Getting to Vietnam
Published 5:00 pm Saturday, October 22, 2011
“People have a way of telling you what they think you wanna hear — anytime I don’t know something and I ask somebody, I usually know less about it after I ask them.” — Bob Dylan
Life.
Forever (or what it seems like) I’ve been working on a book about Vietnam — mostly about Vietnam.
I begin by seeing a school bus slowly pulling up in front of our quad. There we were loaded into the bus and transported to Honolulu where we secretly boarded a troop ship, for a 5,000-mile cruise to Vietnam. General Libscomb referred to us as “Jungle Warriors.” I think that was in question.

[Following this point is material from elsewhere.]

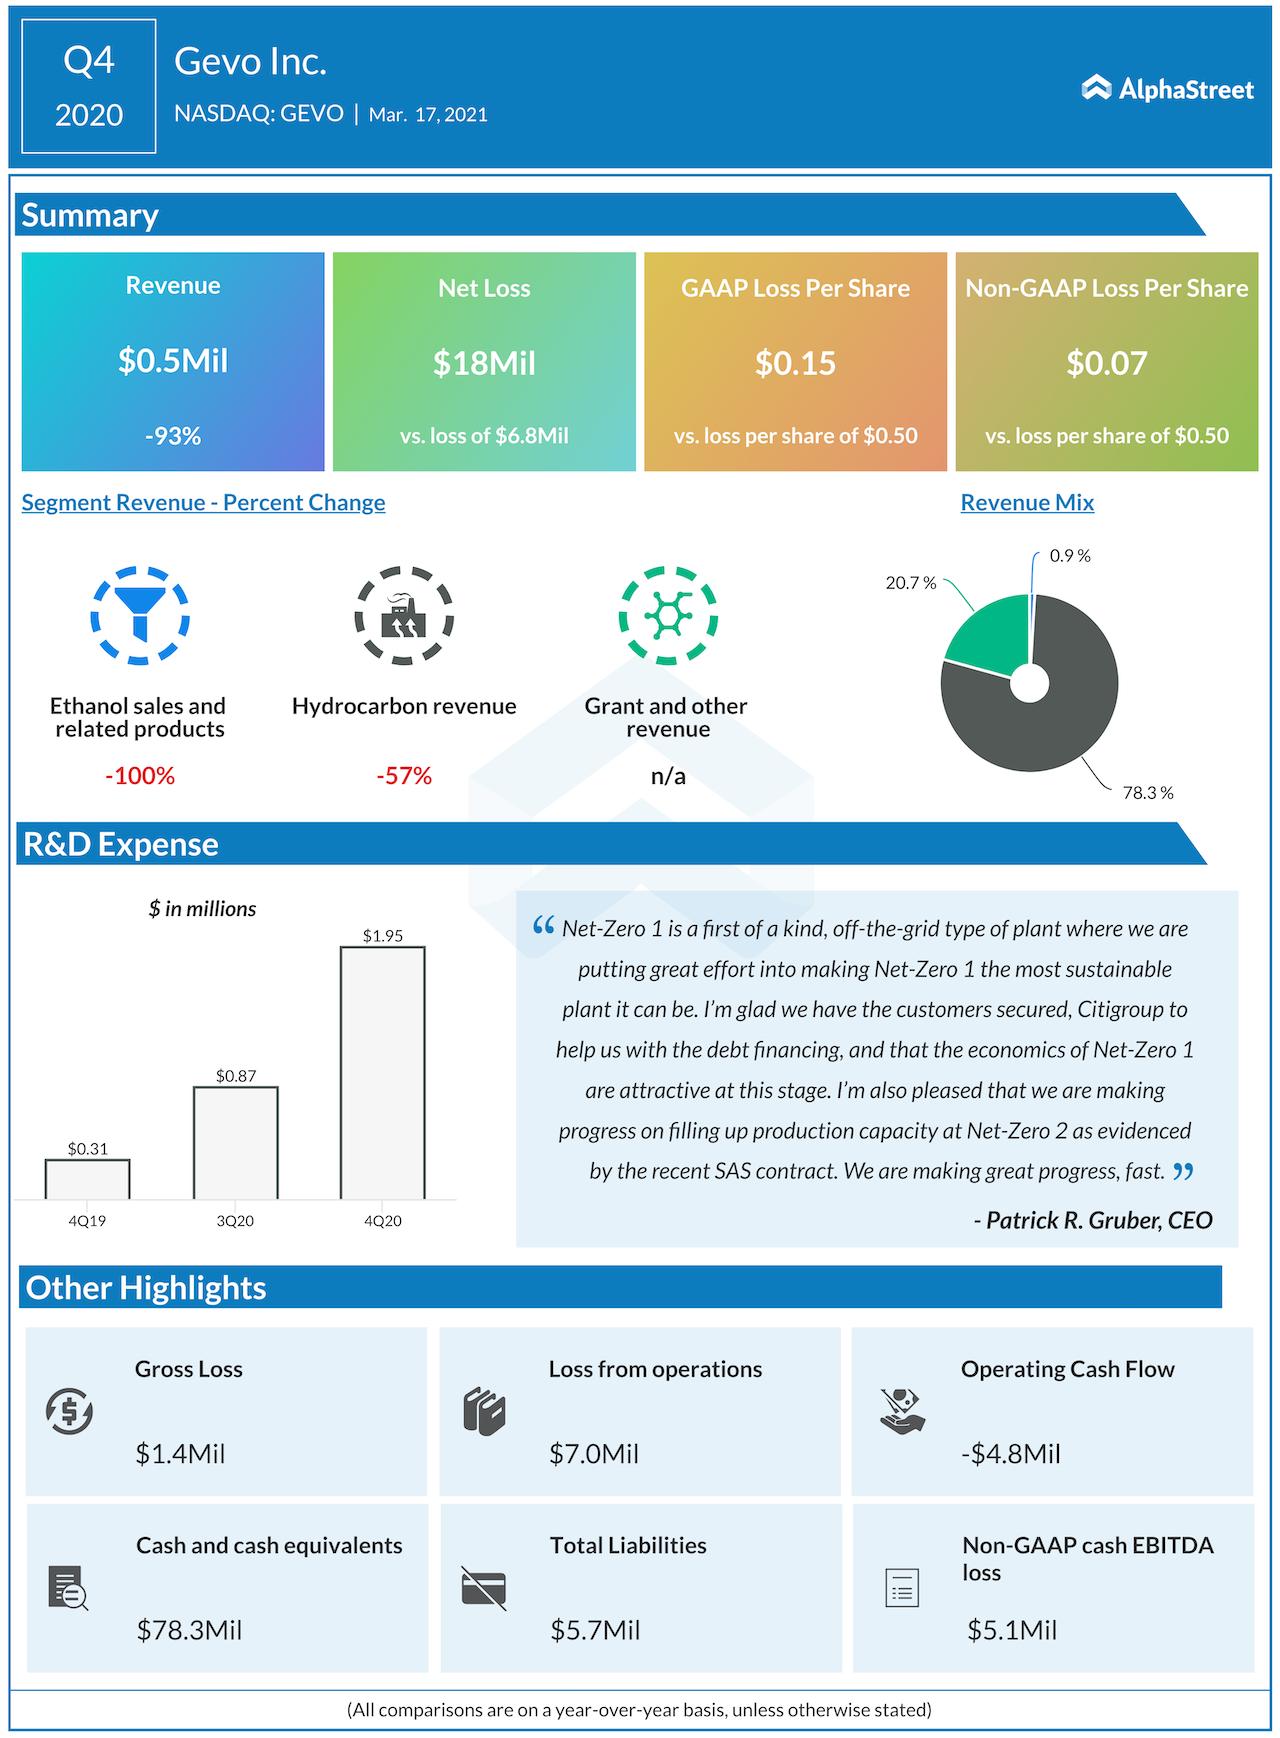 Gevo Q4 2020 earnings infographic

I spent a challenging time last Tuesday talking to someone who may be willing to sell the book with my help. That’s not what I hoped for. Talking to this woman was not an easy thing. While we talked on the phone Mello and Fred spent most of their time barking at kids passing by, which is the usual case.
There are other elements in the book that includes Jim Kramer and I dropping out of college before the last summer session to hitchhike to where “Parrish,” I believe was the title, in the southeast. Instead we went west to the Oregon coast. Our destination was Hawaii. Cousin Ed transported us to Albert Lea, where we began our journey.

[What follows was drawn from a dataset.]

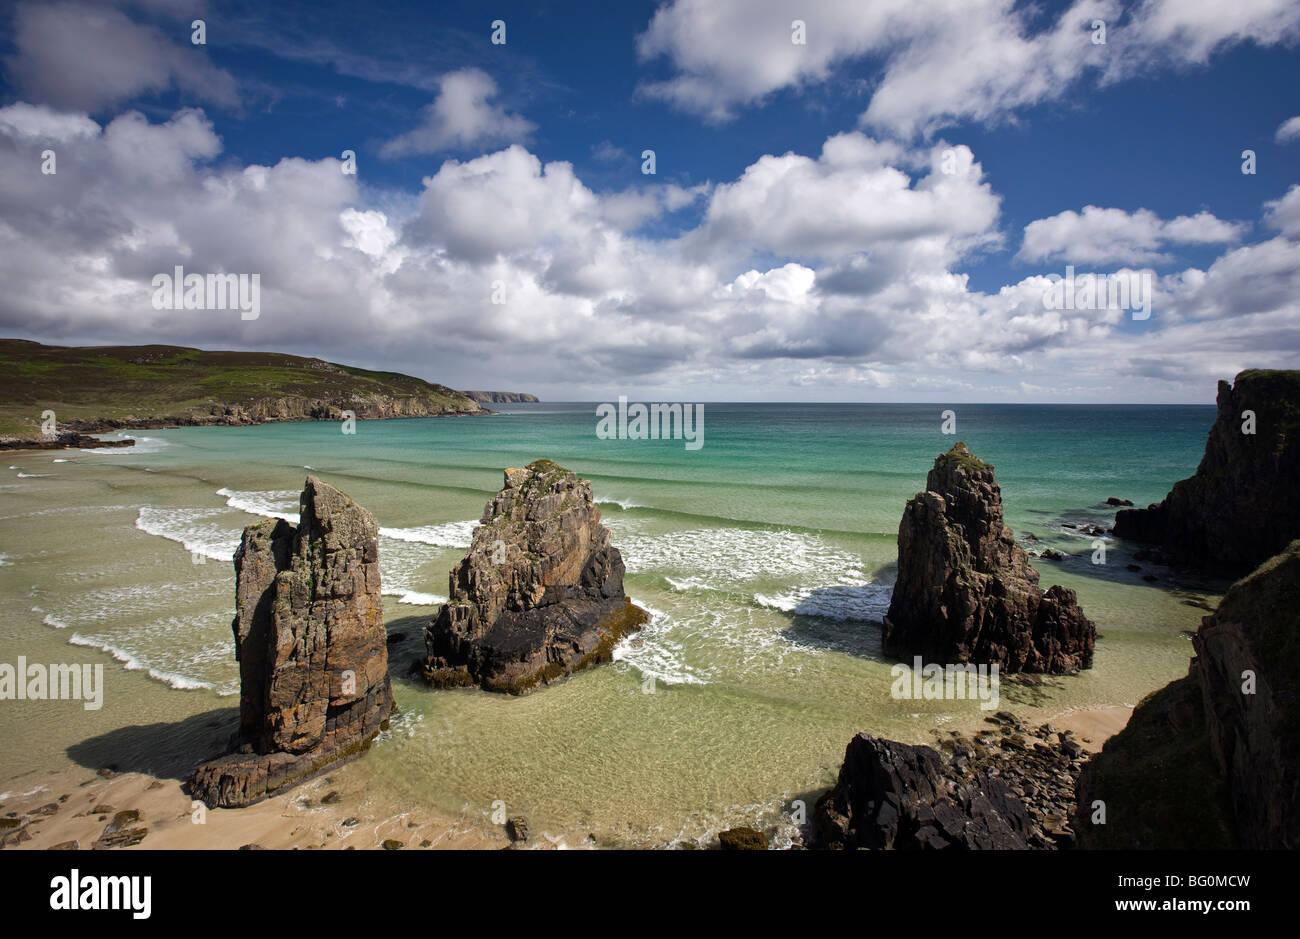 Sea stacks on Garry Beach, Tolsta, Isle of Lewis, Outer Hebrides, Scotland, United Kingdom, Europe - Stock Image
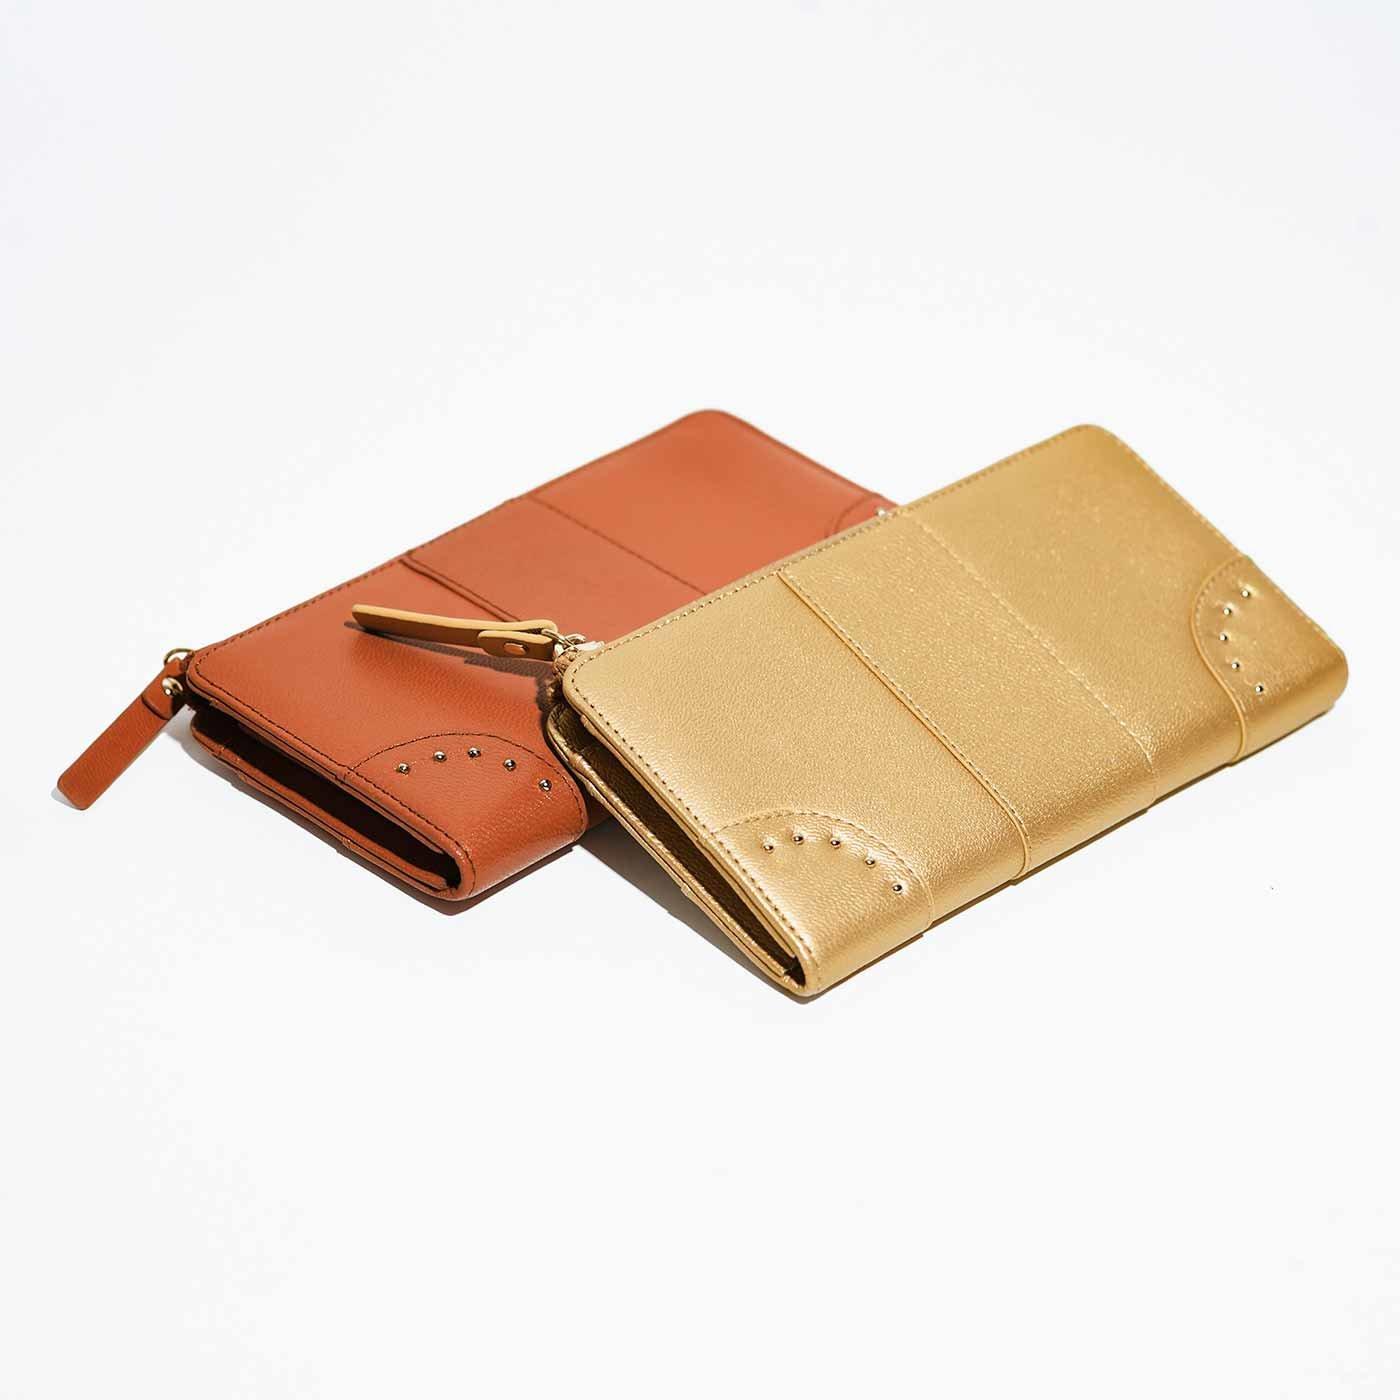 IEDIT[イディット]  ファスナー開きがワンアクションで使いやすい すっきり大人本革財布〈キャメルオレンジ〉

I think it was later that same summer that Cousin Ed, Max, Keith and I drove to California in Lucky’s car. We made it to San Francisco, Los Angeles and Tijuana.
Mello is about to go to Rochester to discover another way to manage a dog. In the meantime Fred will be lost, but so far he has been dozing.
In other news, you have probably felt a drop in the temperatures and the loss of daylight. I’ve taken Mello and Fred out to the leaf collection area. Today there was a dog running around the leaf piles that created a pile of barking.